I think I can add a requirement that the directory mounted in the .vfs file contain a special marker (chattr, or a file like .ioFTPD.base or something) that contains the base path on the server which I load in when loading new .vfs files.

However, there are 2 other options that I think work with network shares. I can teach ioFTPD how to parse .lnk files which is something I looked into when I did the NTFS junction stuff for v7 but didn't think worth doing, or on Vista+ the server could use symlinks which can refer to mountpoints and should function just like junctions... ioFTPD handles symlinks just like it does junctions so it's already supported, but the server just doesn't create them since you need to give the user account the ability to do so and I figured why bother when junctions work fine, but I obviously didn't count on network shares...

I've learned a lot though. I can detect remote NTFS junctions, and then figure out if the target path is on the same physical volume as the link which is useful. Now I just need to figure out how to put it all together.

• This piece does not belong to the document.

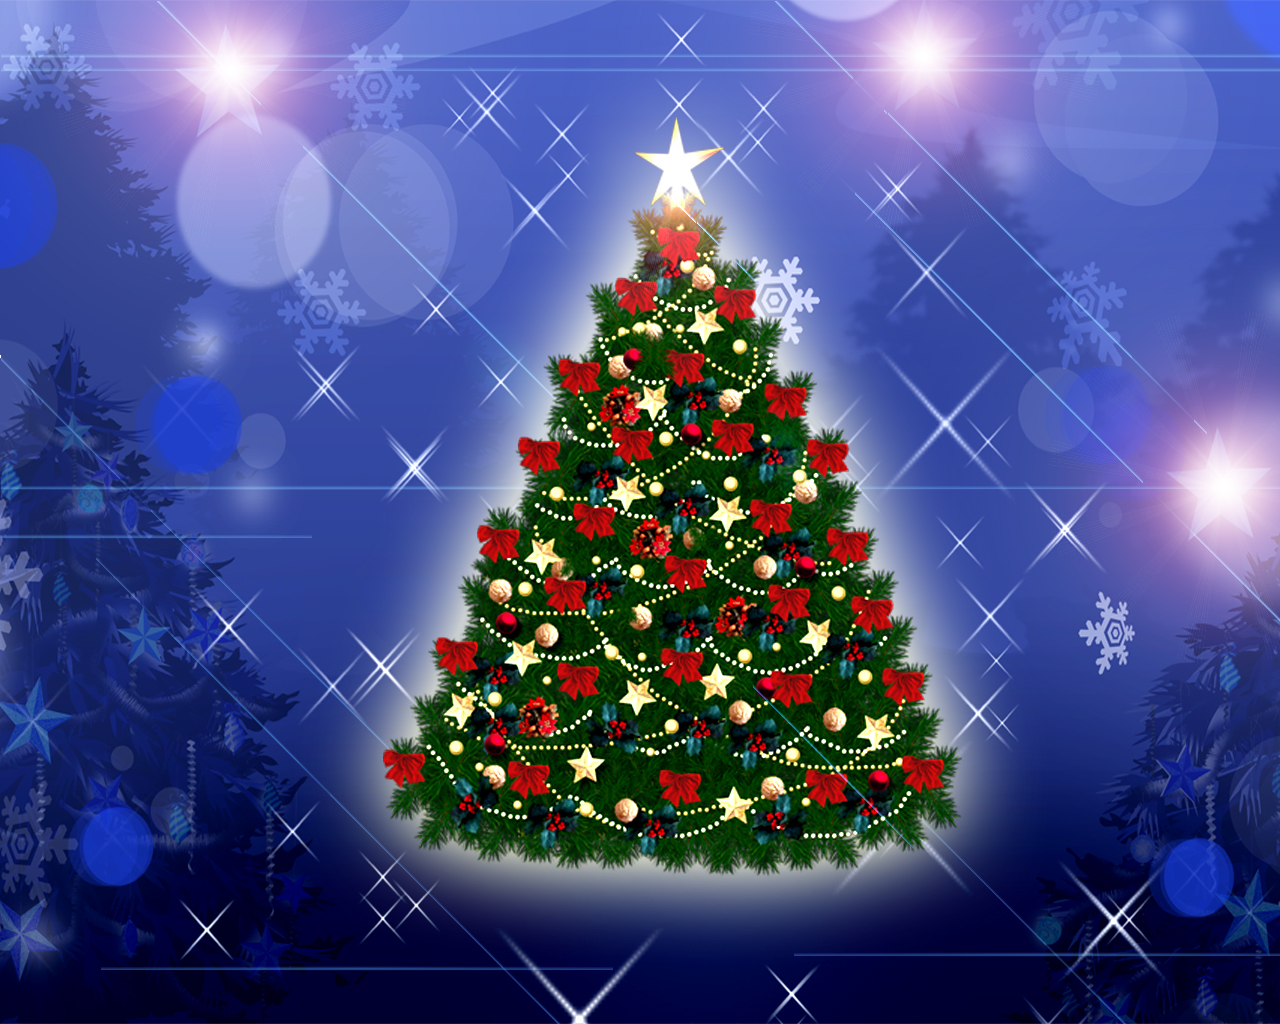 navidad laptop wallpaper,árbol de navidad,decoración navideña,navidad,decoración navideña,abeto de colorado

I'm thinking I might need a new TCL function to make things easier for scripters though. Something along the lines of a create symlink function that would create a local NTFS junction if possible, else a symlink if supported, or maybe the .lnk style link, else a ioFTPD symlink. The trick is no matter which gets created it must be reverse resolvable to a VFS path for SYMLINK mode if that would have been possible locally. It turns out that might not be so hard for links TO network shares, but it's actually trickier for links on the network share that point BACK to local drives... Like suppose someone wanted to put the /Requests or /Incomplete dir on a remote filesystem. That wouldn't work if it tried to use junctions for everything.

It really is nice to see the links in explorer and be able to click on a dir and actually have it take you to the right place instead of having to do it in the FTP all the time, so I've got some incentive to get a workaround using filesystem links instead of ioFTPD symlinks.

Going to give it a day or two and see what ideas come to mind, but if someone has any ideas feel free to chime in.